Miguel A. Kiguel is an economist at the World Bank. Nissan Liviatan is a professor at Hebrew University of Jerusalem. The authors are grateful to Bela Balassa, Eduardo Borensztein, Victorio Corbo, Eli Kreis, Maurice Obstfeld, Guy Pfeffermann, Jeff Sachs, and Marcelo Selowsky for helpful comments on an earlier draft. The authors greatly benefited from discussions with Edgardo Barandarian and Sebastian Edwards. A fuller version of the analysis is given in Kiguel and Liviatan (1988).

Orthodox stabilization programs in Latin American countries have been notoriously unsuccessful in combating inflation, despite the imposition of stringent cuts in government deficits. In most cases inflation came down only slowly and temporarily, with concomitant declines in growth and employment.
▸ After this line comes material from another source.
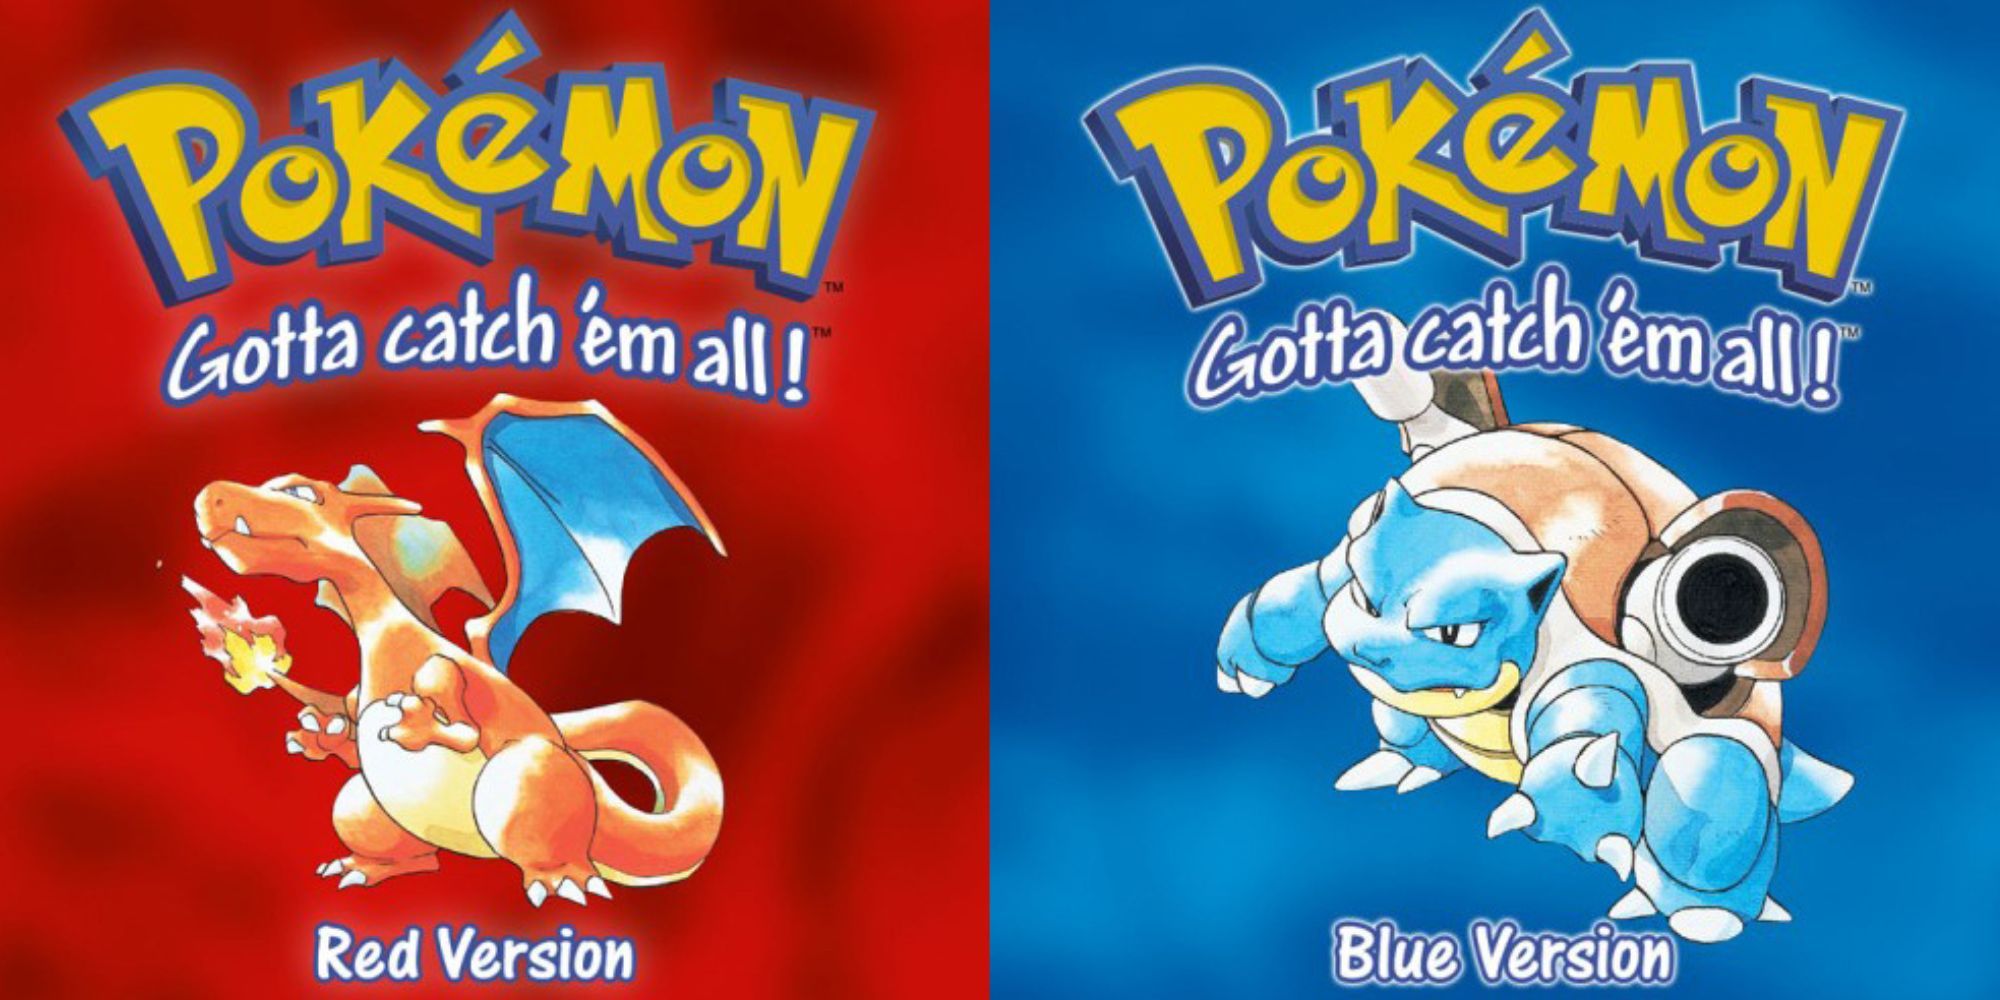 Pokémon Red and Pokémon Blue cover art
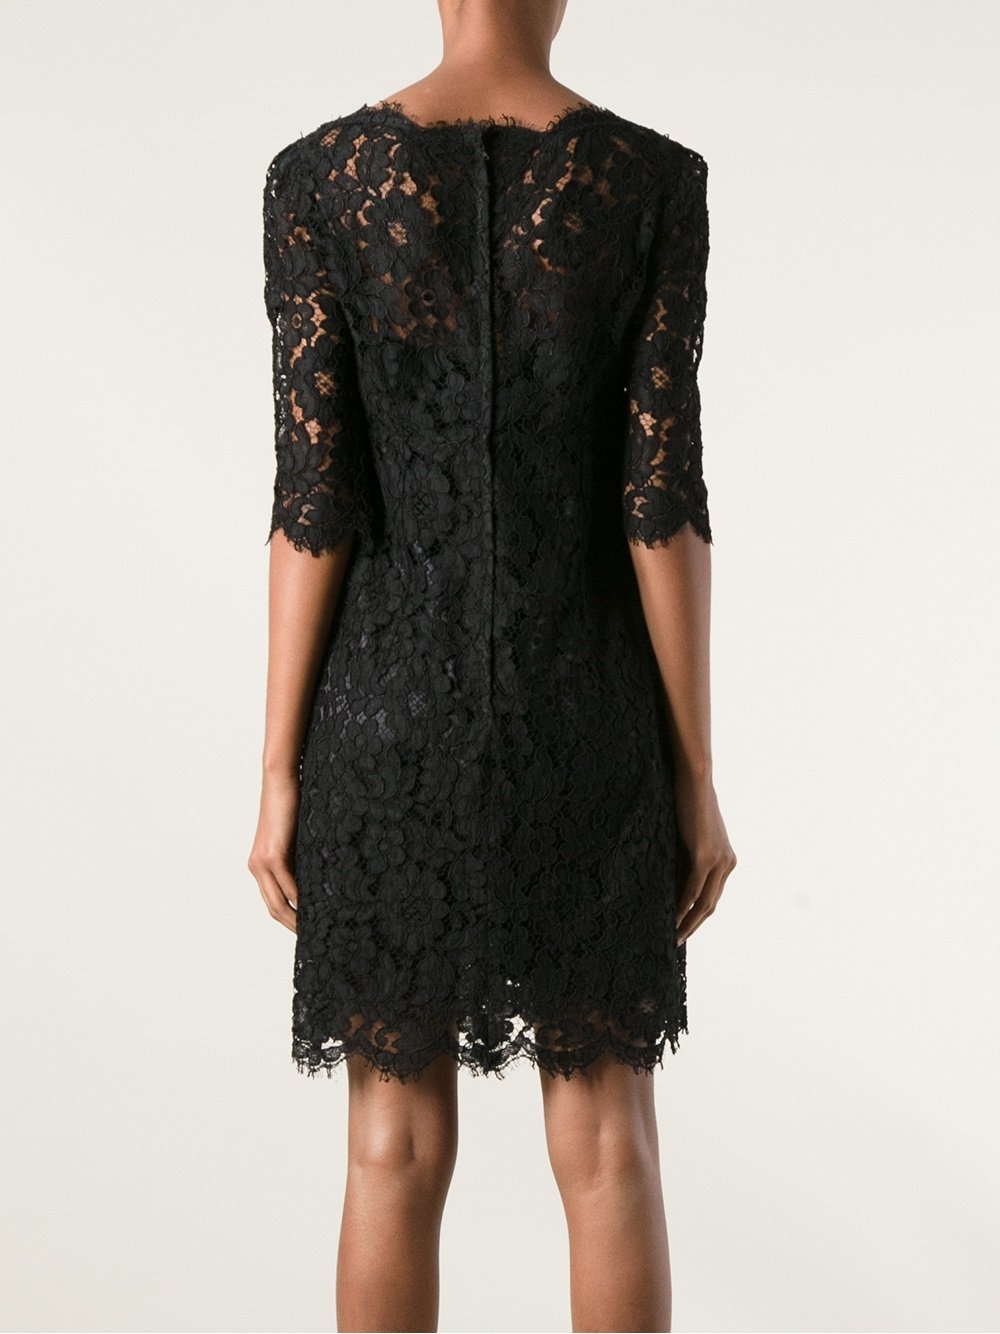 Lyst - Dolce & Gabbana Lace Mini Dress in Black

The Bolivian progam, one of the only Latin American successes, is contrasted with those of Argentina, Brazil, Chile, and Mexico. The problems of dealing with chronic inflation are compared with those of hyperinflationary countries, and the influence of price and wage rigidities, expectations, and credibility is explored. The study shows that fiscal restraint is a necessary but not sufficient condition for success, and that sound management of nominal variables (the exchange rate and money supply) are also necessary. The critical role of credibility is linked with price and wage rigidities in the chronic inflation countries, whereas the unsustainability of hyperinflation is seen to increase the credibility of and thus the potential for successful stabilization programs.